TASK STATEMENT => For the listing that follows, give again exactly the lines from the one with "幾歲送幾隻!玉豆腐「壽星蝦蛋糕」超澎派,再嗑巨無霸燒烤肋排+明太子起司蛋捲" to the one with "Лучшие бесплатные чаты", including both.

AVAILABLE RECORDS =>
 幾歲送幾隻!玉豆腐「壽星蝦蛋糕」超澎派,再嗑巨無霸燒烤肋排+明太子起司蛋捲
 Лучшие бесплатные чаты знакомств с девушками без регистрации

...

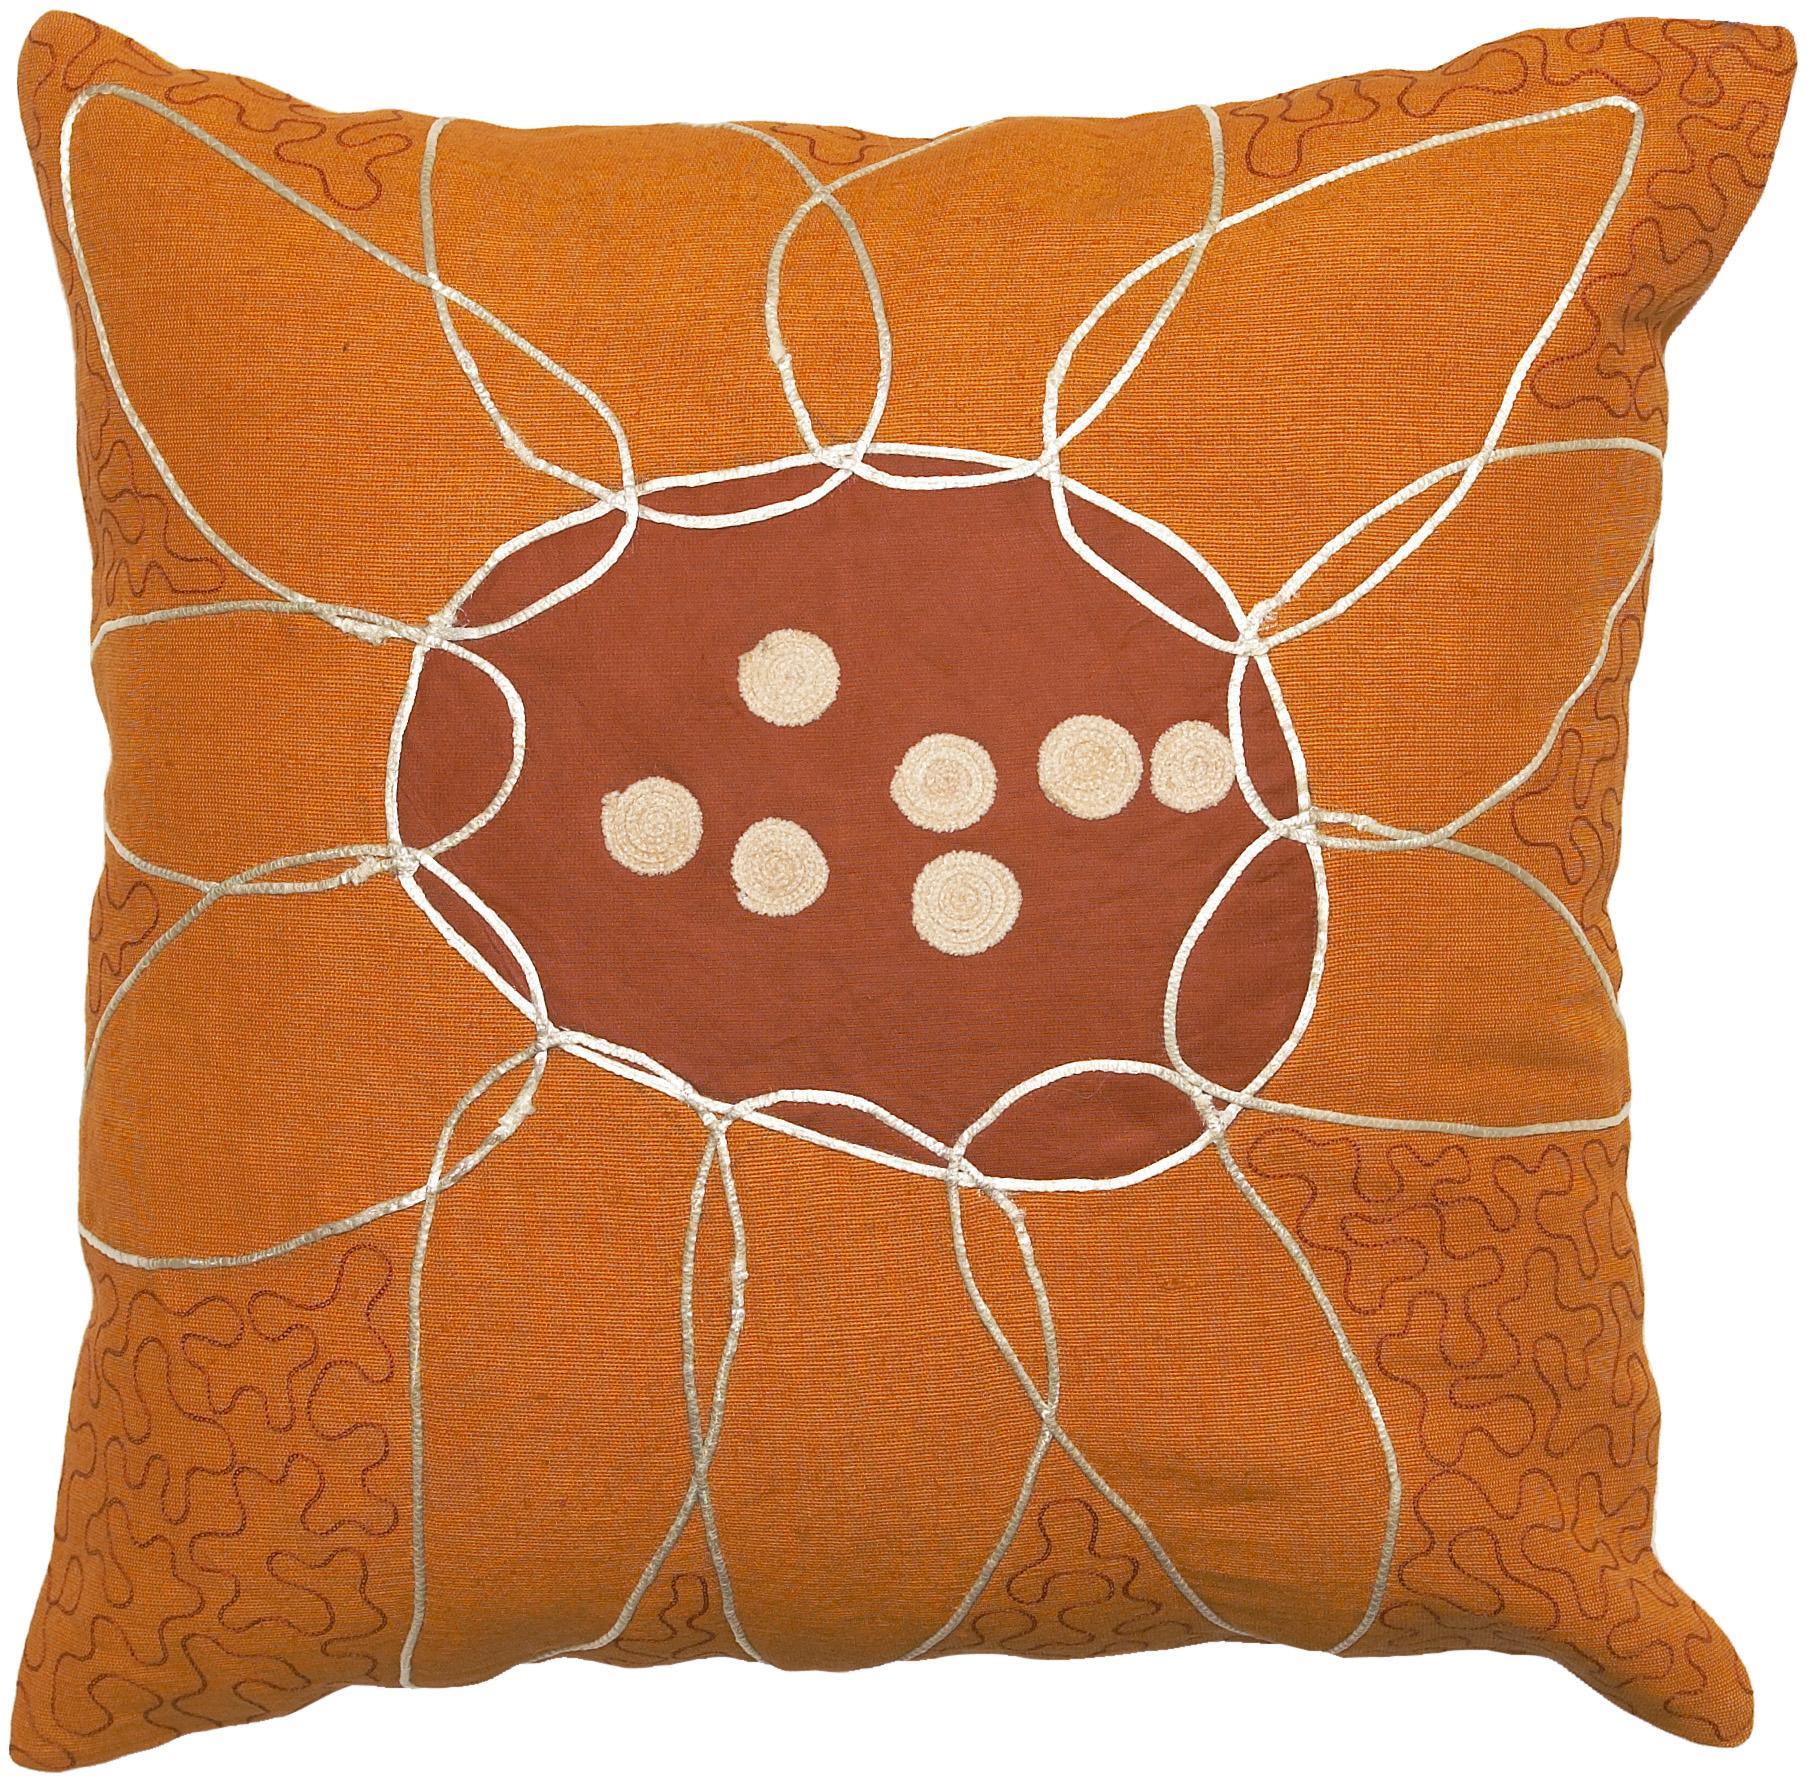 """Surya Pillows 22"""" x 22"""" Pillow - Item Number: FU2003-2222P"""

RESULT OF THIS TASK =>
 幾歲送幾隻!玉豆腐「壽星蝦蛋糕」超澎派,再嗑巨無霸燒烤肋排+明太子起司蛋捲
 Лучшие бесплатные чаты знакомств с девушками без регистрации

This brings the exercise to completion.